Another thing. I made an assumption when reading post number 15 of this thread. I assumed that you made a typo when you said you had a PIX 505 modem. I assumed you meant the Cisco PIX 501 security appliance and proceded on with that assumption. While my comments are valid for the Cisco PIX 501, I cannot verify applicability to the Cisco ASA 5505 for which you may have been referring since I have no experience with that device. I could not find a PIX 505 modem doing a Google search nor a PIX 505 router or security appliance. Could you verify what you meant by a PIX 505 modem?

[Mikerowaved]

I had one follow up question on the name server.
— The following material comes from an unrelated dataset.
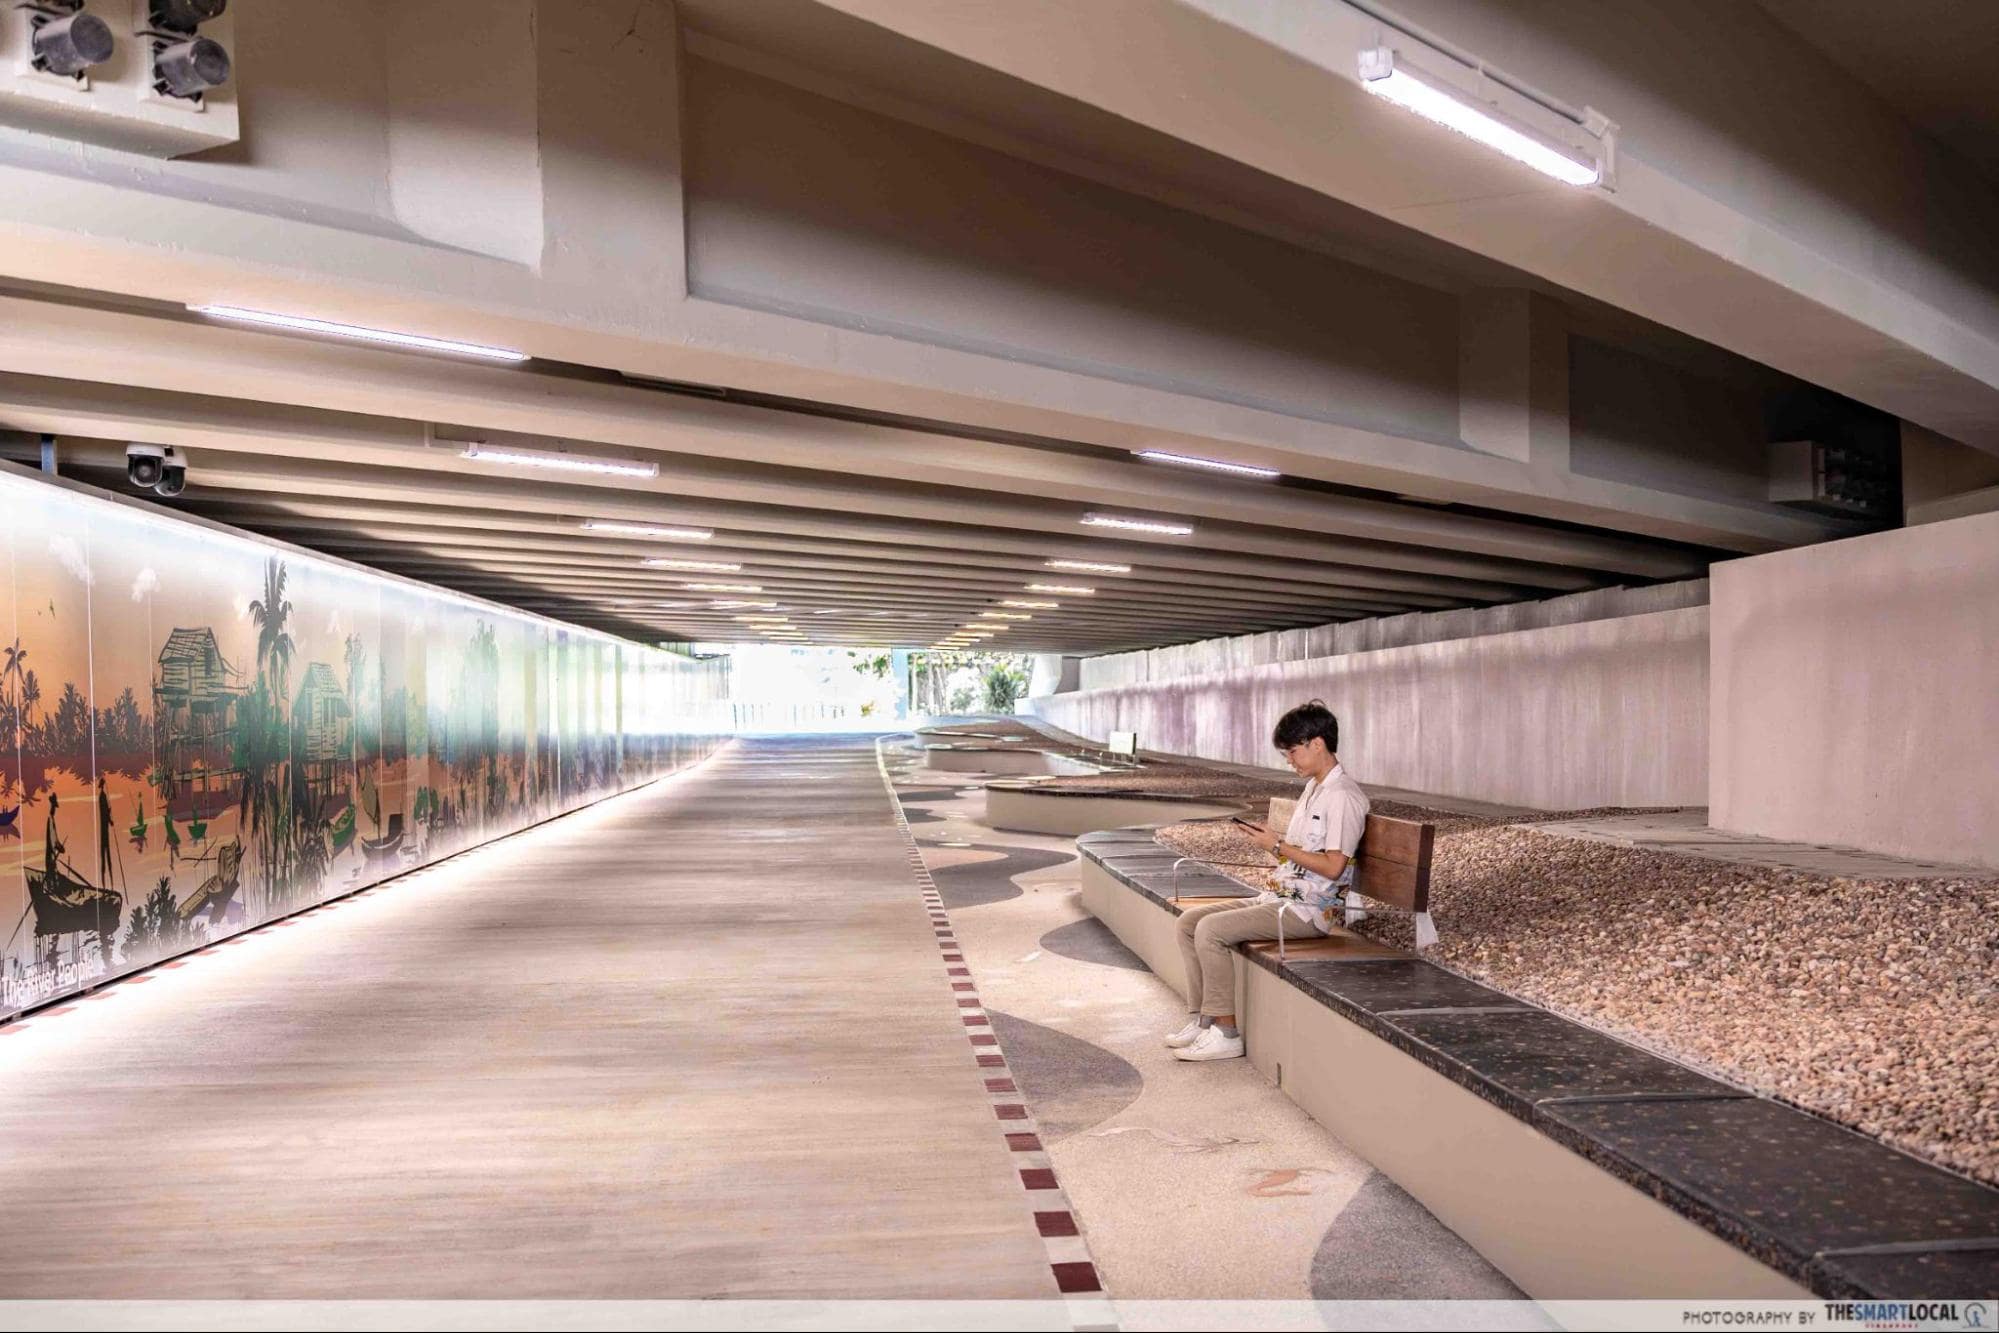 Bishan-to-City-Links - Benches At Upgraded CTE Underpass Wide

Mike mentioned that some ISPs are prone to name server problems. Does that mean the name server is something that the ISP controls? or is it something that is controlled by the firewall router, modem, or a local computer? Sorry for my ignorance on this.

No problem. Yes, the nameservers we are dealing with are generally under the control of the ISP.

[jdlessley]

dkcook2,
I made an assumption when reading post number 15 of this thread. I assumed that you made a typo when you said you had a PIX 505 modem. I assumed you meant the Cisco PIX 501 security appliance and proceded on with that assumption. While my comments are valid for the Cisco PIX 501, I cannot verify applicability to the Cisco ASA 5505 for which you may have been referring since I have no experience with that device. I could not find a PIX 505 modem doing a Google search nor a PIX 505 router or security appliance. Could you verify what you meant by a PIX 505 modem?